*Work order*
Your task is to copy the lines of the data below from the line holding "Polscy strażacy ponownie" through the line holding "Un guerrero místico", inclusive, exactly and with nothing added.

*Available data*
========

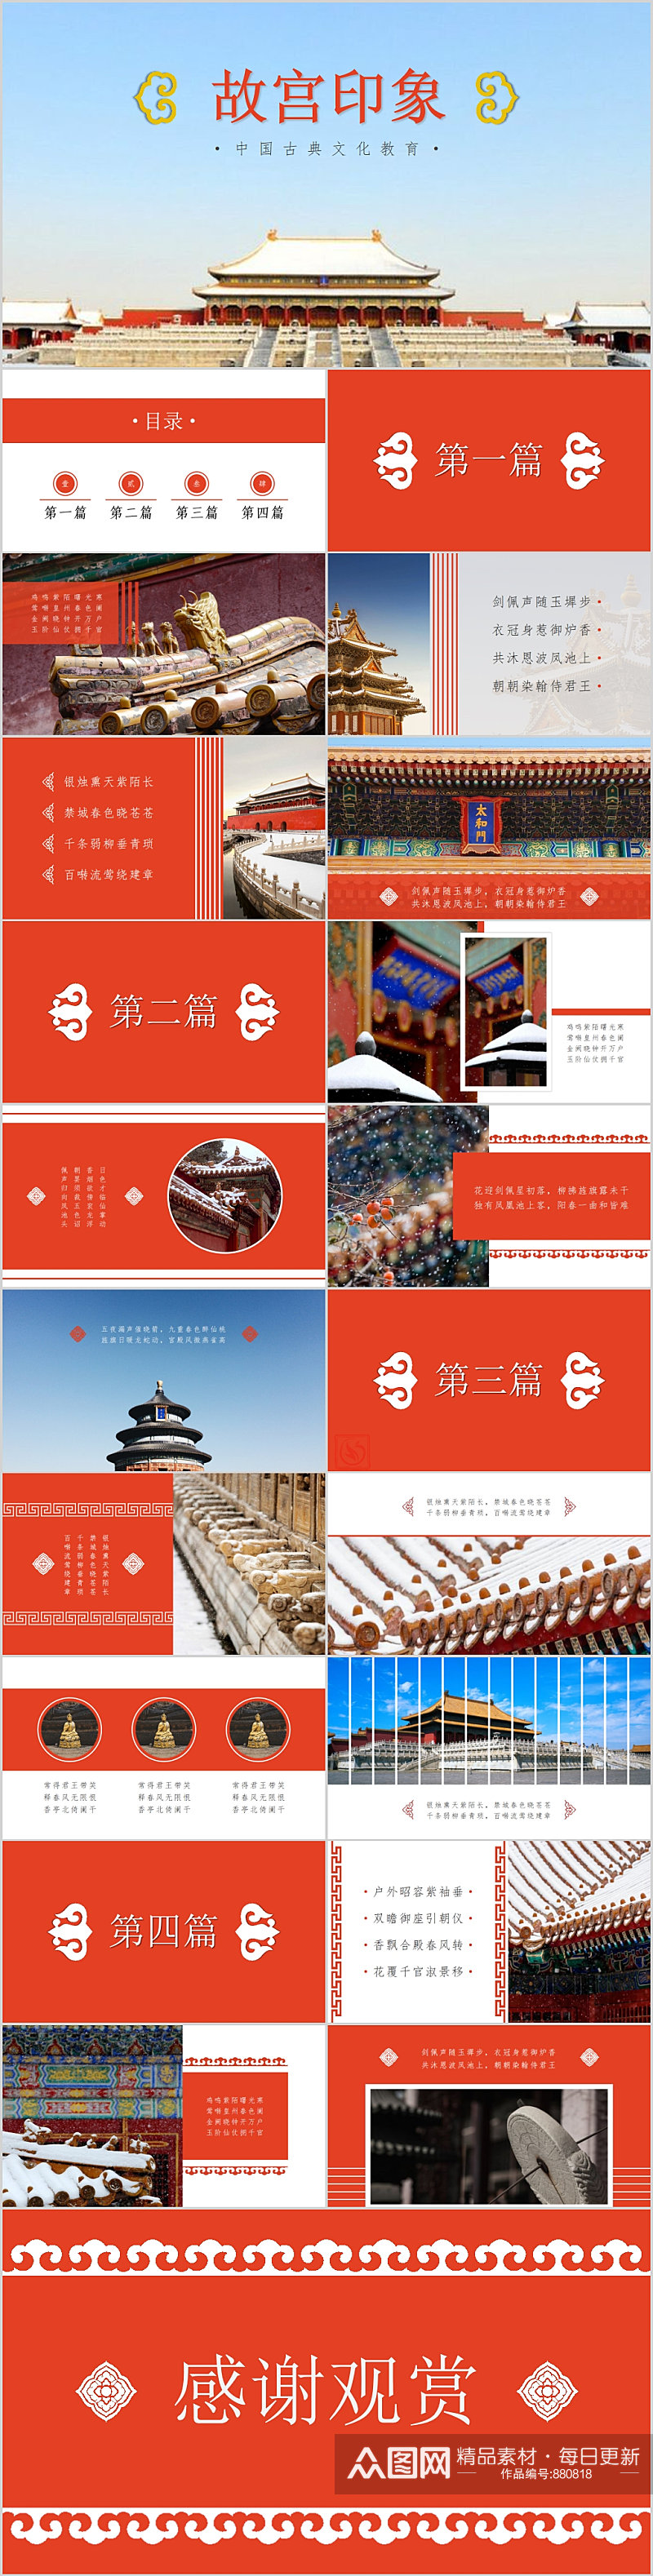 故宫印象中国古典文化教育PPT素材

========

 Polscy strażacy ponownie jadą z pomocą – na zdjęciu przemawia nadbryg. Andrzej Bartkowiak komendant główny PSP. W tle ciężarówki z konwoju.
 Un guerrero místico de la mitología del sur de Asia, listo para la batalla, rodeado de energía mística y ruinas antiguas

========

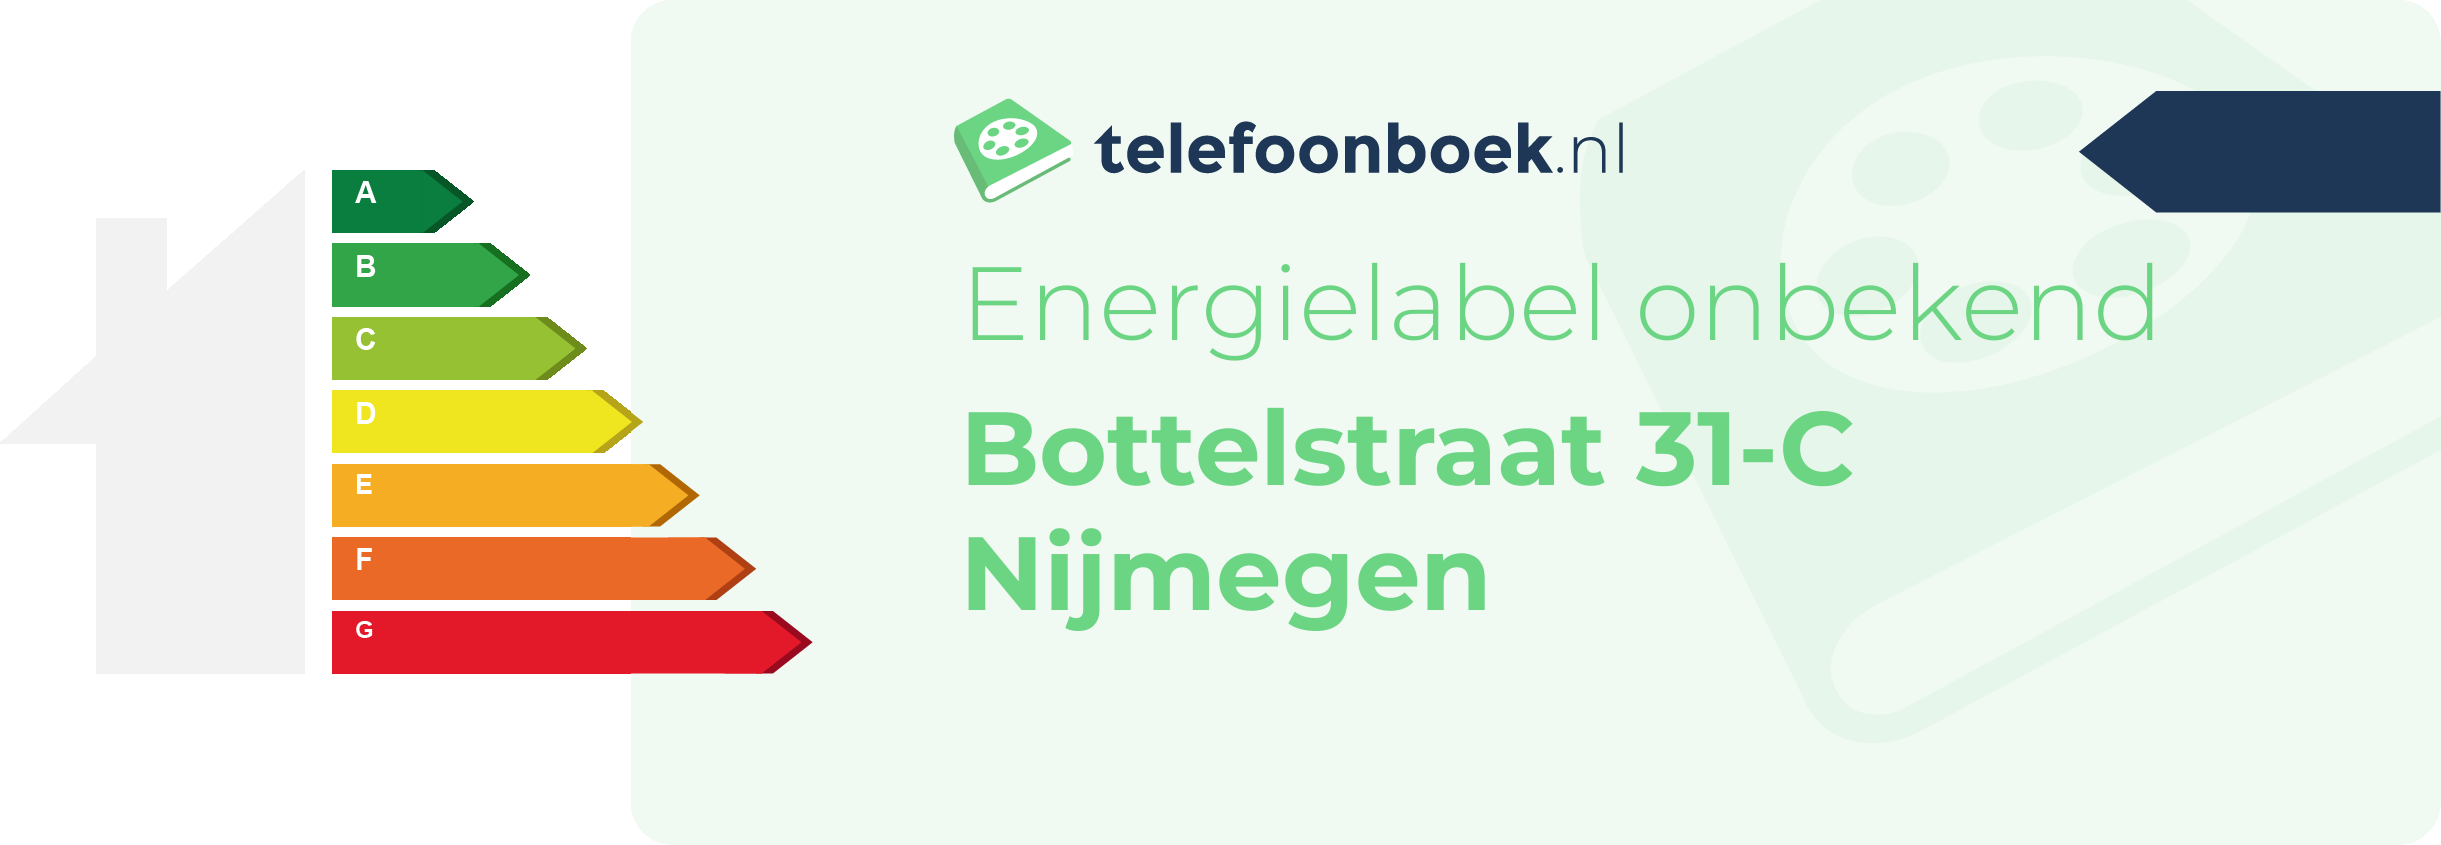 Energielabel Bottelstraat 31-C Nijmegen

========

*Answer*
 Polscy strażacy ponownie jadą z pomocą – na zdjęciu przemawia nadbryg. Andrzej Bartkowiak komendant główny PSP. W tle ciężarówki z konwoju.
 Un guerrero místico de la mitología del sur de Asia, listo para la batalla, rodeado de energía mística y ruinas antiguas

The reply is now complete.